「社員を幸せにするのも不幸にするのも経営者の人間性」
創明工芸・澁木社長、同友会燕支部例会で報告
澁木社長 ステンレス製品製造・総合プロデュースの燕市吉田法花堂、(株)創明工芸社長の澁木恒利さんが、このほど、新潟県中小企業家同友会燕支部の例会で報告。幼少期のいじめ、父との確執、信頼していた社員の死など、これまでの半生を赤裸々に振り返り、そこから行きついた経営スタイルについて話した。

 この日の例会は、一般にも広く参加を呼び掛けて開催し、会員、ゲスト含めて北は村上市から南は神奈川県まで50人ほどが参加した。開会で滝本勝則支部長は、「澁木さんの話を聞いていただいて、未来に向かって何か1つでも持って帰っていただければ」と有意義な例会にしてほしいと呼び掛けた。その後、澁木さんの紹介が行われ、さっそく報告に入った。

 澁木さんは、まず、小学生から中学生時代にかけてのいじめについて話し、「小学生のころから、なぜ生きているのか、何のために生きているのかと常に考えていた」、「何かあるたびに自分を変えよう変えようと考えていた」と苦しんだ幼少期について語った。

滝本支部長 続けて、父親について「父は創業社長で、エネルギッシュでカリスマ性もあった。その分、自己主張が強く、自分の価値観以外は認めないという人だった」と紹介し、澁木さん自身の価値観、考え方のすべてを否定され続けたという思春期から青年期にかけての父親との確執についても話した。

 澁木さんは、「家にも学校にも居場所がなく、死のうとは思わなかったが、死にそうなほどに辛かった」と、当時、言語障害や赤面症などの症状も出ていたことなど、当時の苦しみを包み隠さずに話した。

 こうした状況を救ってくれたのが、「いつも私に感謝してくれて、あなたのおかげ」と言ってくれる妻の存在と話し、「そのおかげで私もお前のおかげと感謝できるようになった」と、「不幸というのは自分で作るもの。自分の言った言葉が自分に返ってくる。自分で地獄を作って、そこに入っていく。そんな泥沼のような状況から妻が救ってくれた」と、マイナスのらせんから抜けることができたと話した。そして、「そうすると、父にも感謝できるようになった」と、父との確執も解消されていったとし、「伝えない感謝、実践しない感謝は本当に意味がない」と感謝の大切さを伝えた。
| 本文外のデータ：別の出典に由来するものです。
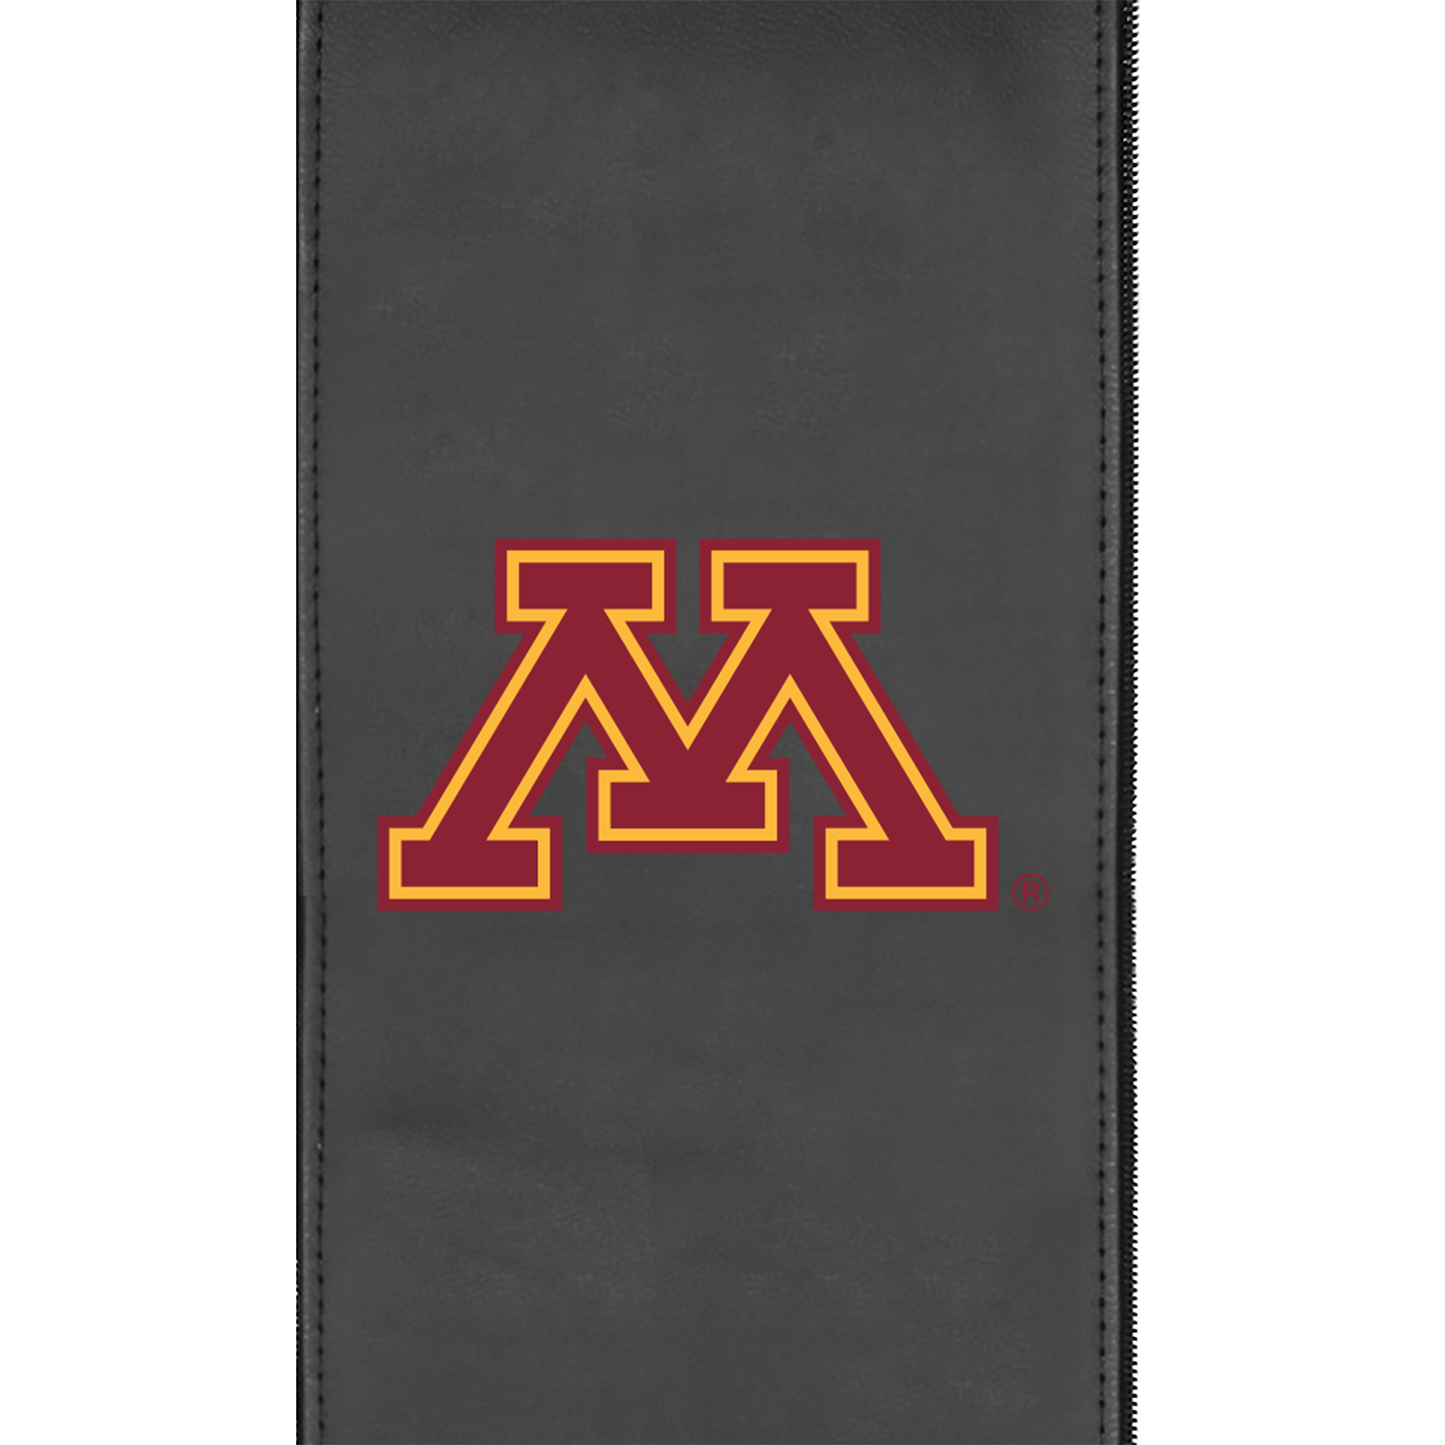 PhantomX Gaming Chair with Minnesota Golden Gophers Primary Logo

 話は創明工芸設立時に移り、「最初は父の会社の1部門という感じだったが、毎月毎月大赤字。そのため、社員にも負け犬根性が染みついてしまっていた。なんとか社員を笑顔に、ハッピーにしたいと考えた時、何のために会社があるのか、何のために経営しているのか、何のために社員が働いているのか。会社の方向性と社員の方向性が違っていたらうまくいくわけがない」と考え抜いた末、澁木さんがたどりついた答えが「誰もが自分の1番大事なもののために働いている。それは何かと言えば愛する人。自分自身と家族のために働いている」。そして、会社の方針を「社員とその家族を幸せにする」と定め、それを実現するために社員教育の取り組みを始めた。

 しかし、すぐにはうまくいかず売上は半減、さらに追い打ちをかけたのが、澁木さんが右腕と信頼していた社員の突然の死。「ショックと喪失感が非常に大きく、経験したことのないような悲しみだった。葬式の時には、人生で初めて泣き崩れて立っていられなかった」と当時を振り返った。それでも、「自分にはまだいてくれる社員がいる」と、心を立て直して仕事に向かった。

 ところが、亡くなった社員の次に仕事ができた社員の問題行動がエスカレート。「パワハラ、いじめ、腕はあるのに半日でできる仕事を1日かけてやって残業代を稼ごうとしたり、かげで私の悪口を言い、自分で作った製品に傷をつけたりもしていた。そこで、ほかの社員にも聞くと、腕はあるが、いない方がいいという総意でやめてもらった」。

 技術のあった2人の社員がいなくなったことで、一時は、製品の品質、製造スピード共に落ちたが、「問題のあった社員がいなくなったら、最高のチームが出来上がった。社員の人間性が上がったことで、製品の品質も上がった」と、稼働率が上がり、経費は下がり、社員のモチベーションは上がり、半減した売上もV字回復したとした。

 最後に澁木さんは、「今までの苦労や大変なことは、全部意味があった。全部がいい方向に回った。その中でも、自分が正しいと思ったことはやり続けた。何度もやめようと思ったことはあった。社員教育も最初はうまくいかなかったが、しつこくやり続けたことで結果が出てきた。経営というのは経営者の人間性が形になったもの。社員を幸せにするのも、不幸にするのも経営者の人間性にかかっているのではないか」と締めくくった。